И.М.: Какой это был год?

Н.К.: 1960-й... 1961-й... Я потом пришел еще раз и сказал: прочтите, пожалуйста, еще раз ту часть, где

И если зажмут мой измученный рот,
Которым кричит стомильонный народ...

А она говорит: “А Вам нельзя читать стихи, Вы их запоминаете!” В этом тоже было некоторое кокетство, потому что она прекрасно знала, что поэты стихи запоминают. Поэт, который не запоминает стихов, — это вообще не поэт. (Смеется.) Вот».

(Сейчас это звучит обыденно, но скольким можно было отважиться прочитать «Реквием» в 1961-м?)

Коржавин часто прерывал сам себя хохотком или восклицаньем («...а уж Анна Андреевна умела сказануть!..»). И вообще, может быть, больше всего я и запомнила в Н.К. его смешливость — качество, мне самой чрезвычайно милое. Самые мои любимые люди были смешливы. Для меня это сразу — сто очков. Потому что это как-то всегда связано еще с одним симпатичным свойством: склонностью не принимать себя слишком уж всерьез.

«Н.К.: Относилась она ко мне хорошо, хотя началось это с того, что я прочел свою поэму “Танька”, которая тогда ходила в списках (я и сейчас от нее не отказываюсь), а ей очень не понравилась. Я потом понял, почему. Там была такая внутренняя проблема, трагедия людей, которые поверили. А для нее даже такого вопроса не было, она в эту игру не играла, для нее это были просто штыки, которые на нее шли, или дурачки, которые не понимали, что делали. Скорее, второе, она вовсе не была политическим борцом.

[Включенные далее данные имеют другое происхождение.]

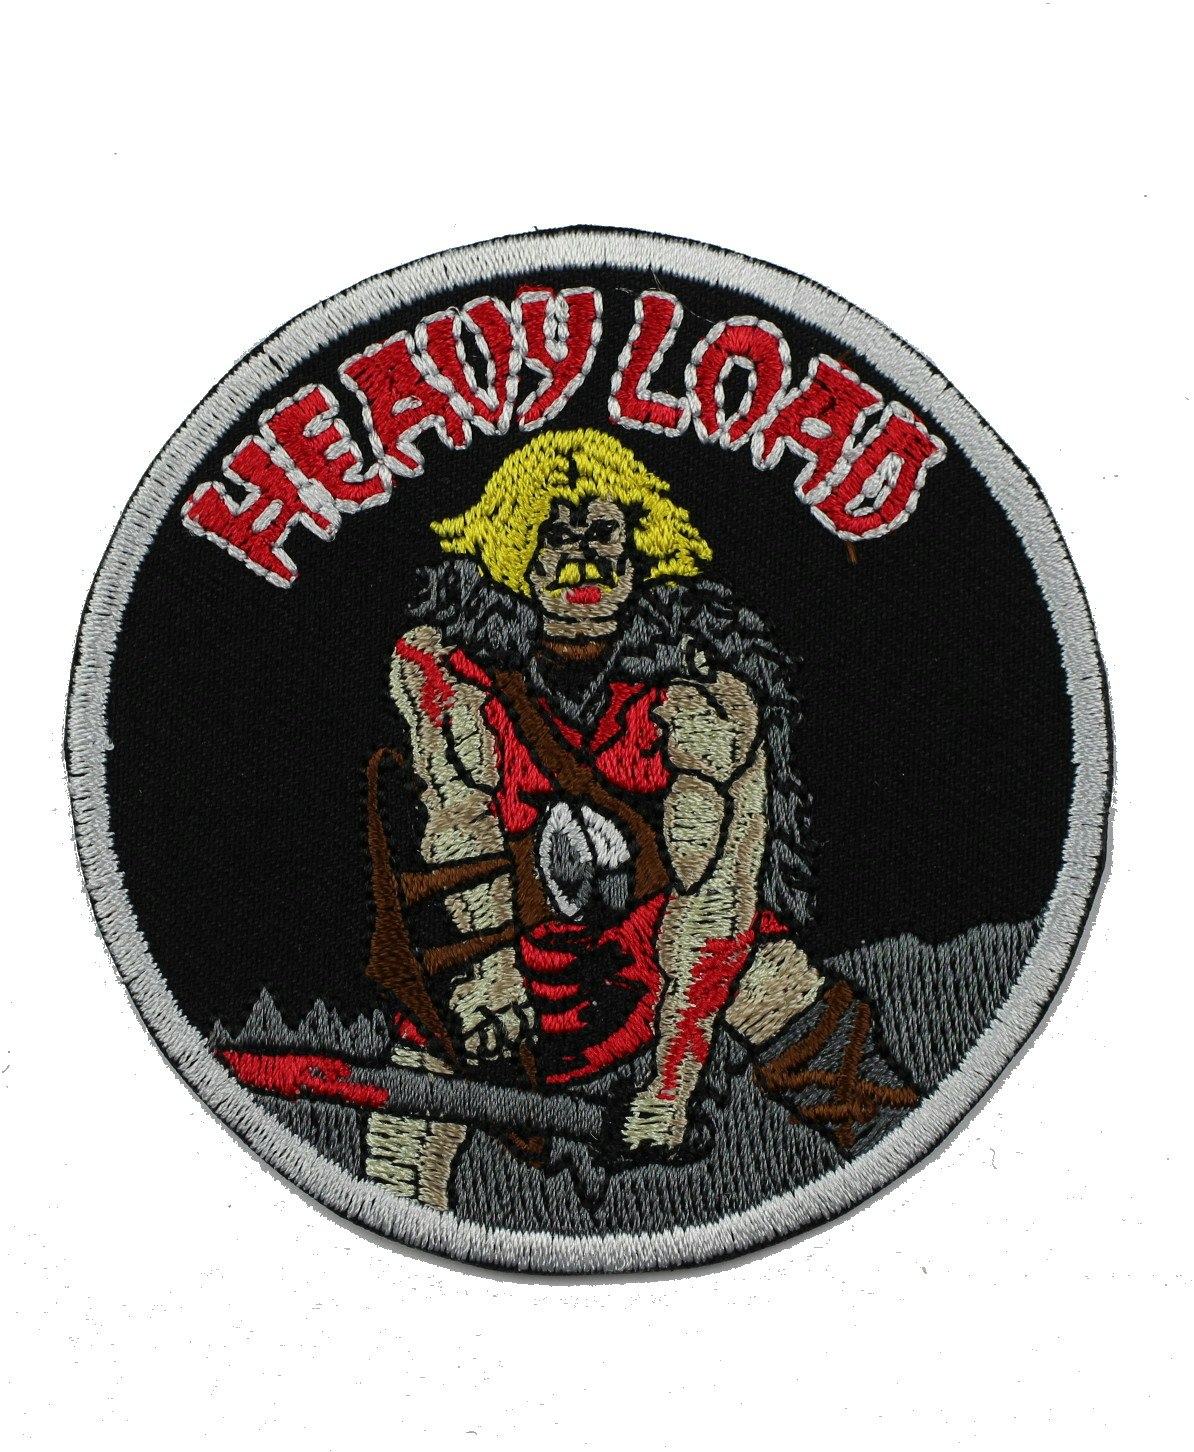 Heavy load Stronger than evil logo patch

Хорошее ее отношение ко мне проявлялось по-разному. Однажды она рассказала мне о своем разговоре с какими-то иностранными корреспондентами. Они спросили ее об одном поэте, известном, я не буду называть его имя. Она сказала: “Ну что ж, всегда было много таких поэтов. В мое время его фамилия была Северянин”. “А какие же молодые поэты заслуживают внимания?” — спросили ее. Она назвала и меня. Потом она мне показывала, что пишут о ней иностранные журналисты: “Анна Ахматова писала эротические стихи, которые были неприемлемы для политического руководства”. “Посмотрите, что они написали! Они меня оскорбили”. Конечно, у нее никогда не было эротических стихов. Но люди, которые так писали, они думали в этих параметрах. Они не могли ее понимать.

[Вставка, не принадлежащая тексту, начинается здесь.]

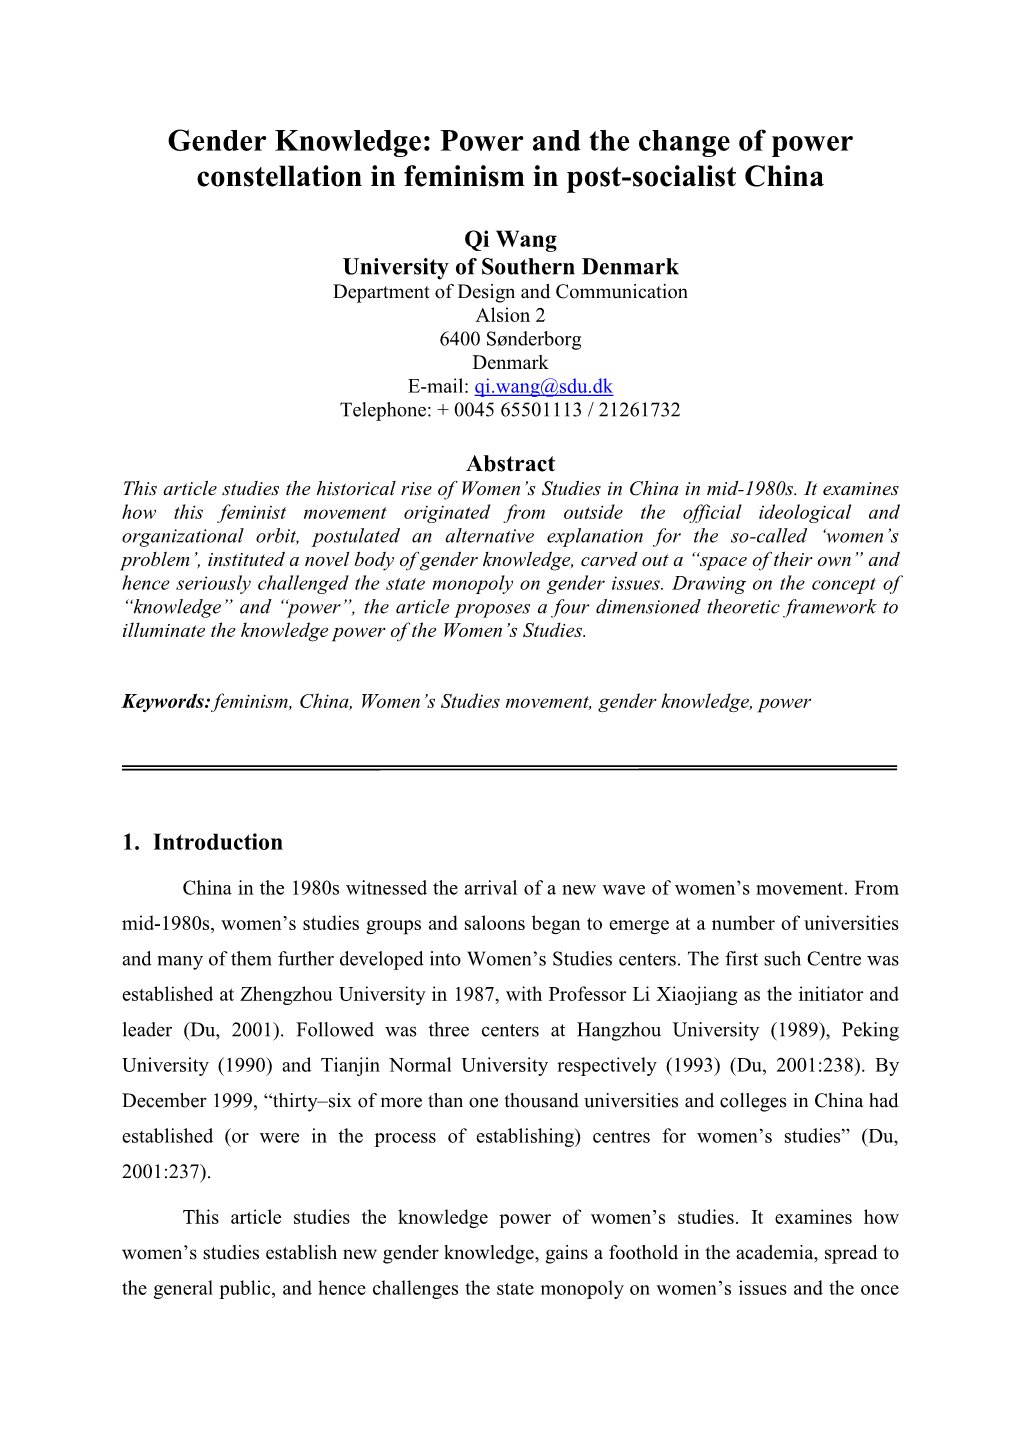 Gender Knowledge: Power and the Change of Power Constellation in Feminism in Post-Socialist China

И еще был такой важный разговор. Многие мне тогда говорили, что у Коржавина одни мысли, что это антипоэзия. А она мне ответила довольно резко: “У вас — мысль”. И я ее по телефону потом спросил: “Анна Андреевна, мне говорят, что это — мысль, не поэзия”. А она: “Извините, я пошлостей не говорю”. Это и правда была пошлость, но она распространена, она была даже таким тоном оппозиционности, высокости. Она началась в Серебряном веке, но тогда еще не была так откровенна, не настолько на пустом месте...»

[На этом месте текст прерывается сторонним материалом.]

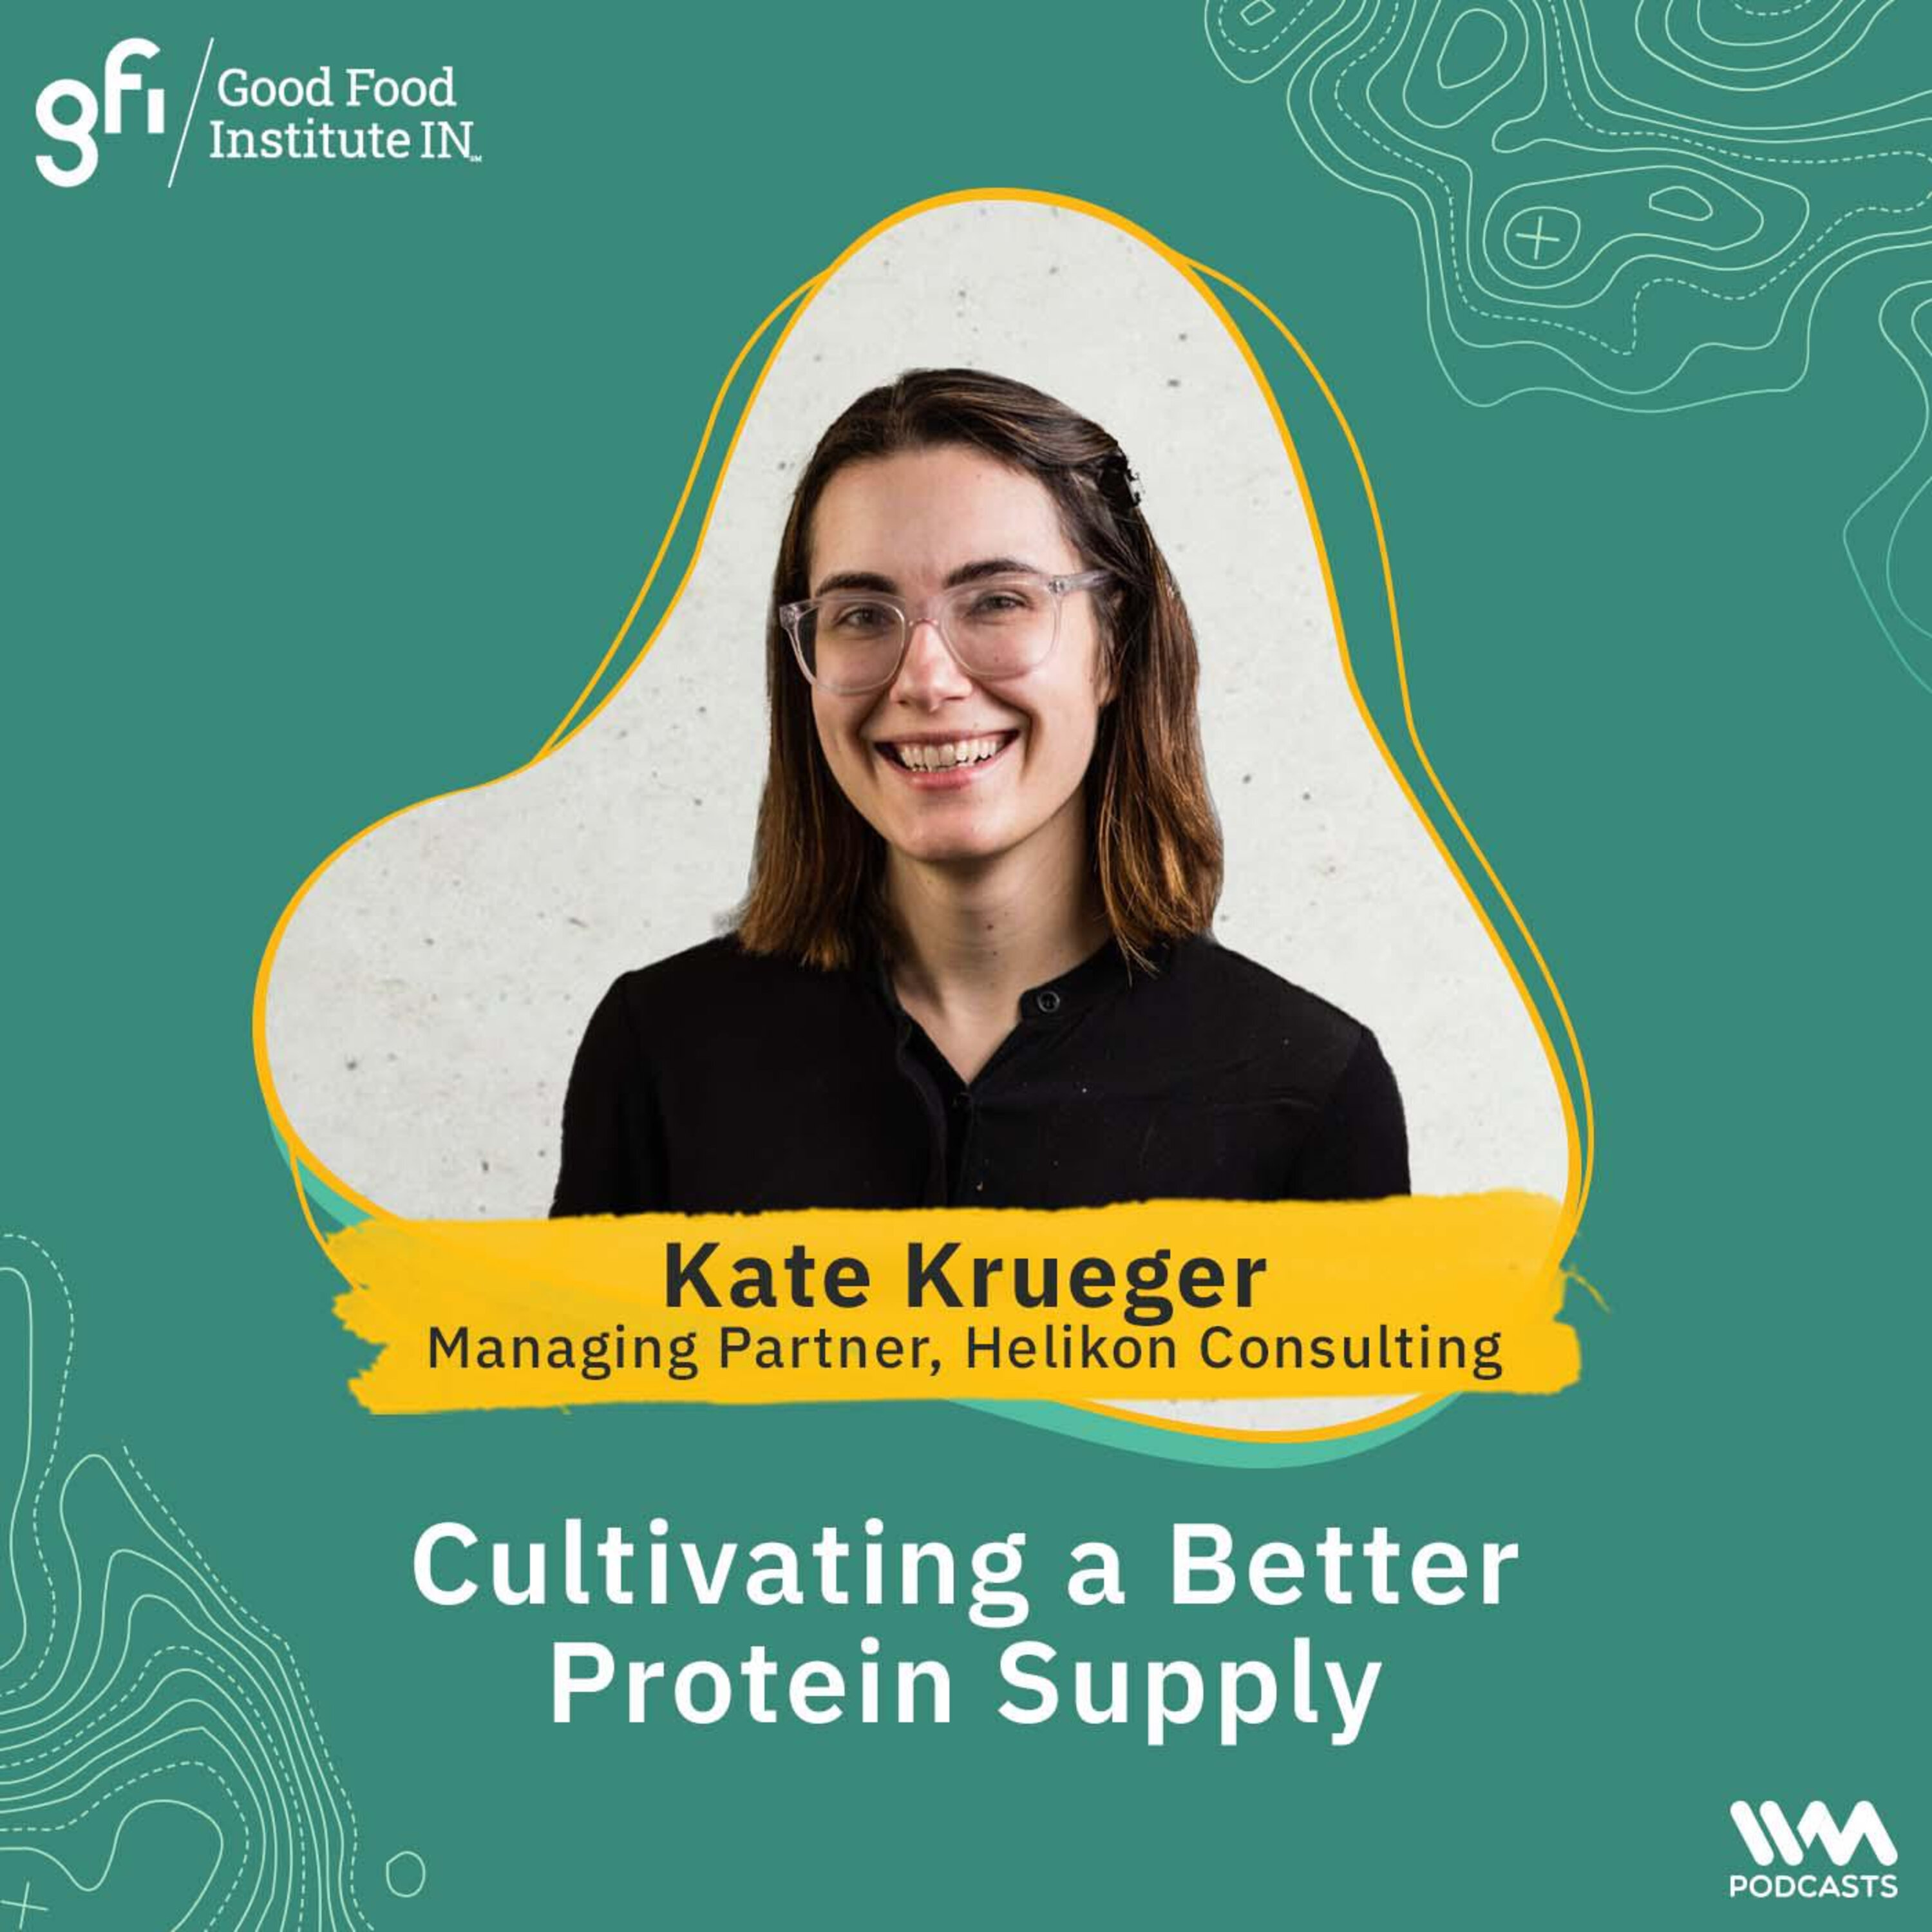 Kate Krueger on Cultivating a Better Protein Supply

В Норвиче Коржавина абсолютно все не просто любили, а обожали. Их вообще невозможно было не любить и не ценить каждого по-своему — его и жену Любу Мандель. В столовой ему хотелось принести свой десерт, хотя ему, конечно, было нельзя. Был там, в Вермонте, чудесный пекарь, австриец Диттер, однажды приехавший в эти фермерские зеленые холмы и так в них и оставшийся (говорили — из-за несчастной любви), высокий, очень худой голубоглазый красавец. К нему ходили домой покупать горячий хлеб. Я помню длинные чистые деревянные полки пекарни и в углу отдельно горка — прикрытые салфеткой булочки и хала — «for Naum». Диттер обожал Коржавина, хотя лингвистически у них мало было общей территории. В воскресенье Наум Моисеевич с Любой отправлялись «в церкву» — там недалеко был небольшой православный храм, в который Коржавиных возили друзья из Норвичской школы. Поэтому полвоскресенья его не было, и без него как-то становилось одиноко. И не с кем было не соглашаться.

Однажды, впрочем, я окончательно возмутилась и написала полемическое стихотворение, которое сейчас смешно перечитывать, — здорово же меня тогда достало! И немудрено. Само его понимание нашего ремесла было таким чужим, отличным от понимания близких мне литераторов — моего поколения и предыдущих: такие важные вещи, как, например, замысел стихотворения и соучастие читателя, понимались им совершенно иначе, как будто мы находились в разных измерениях. И Бродский, боже мой, опять Бродский.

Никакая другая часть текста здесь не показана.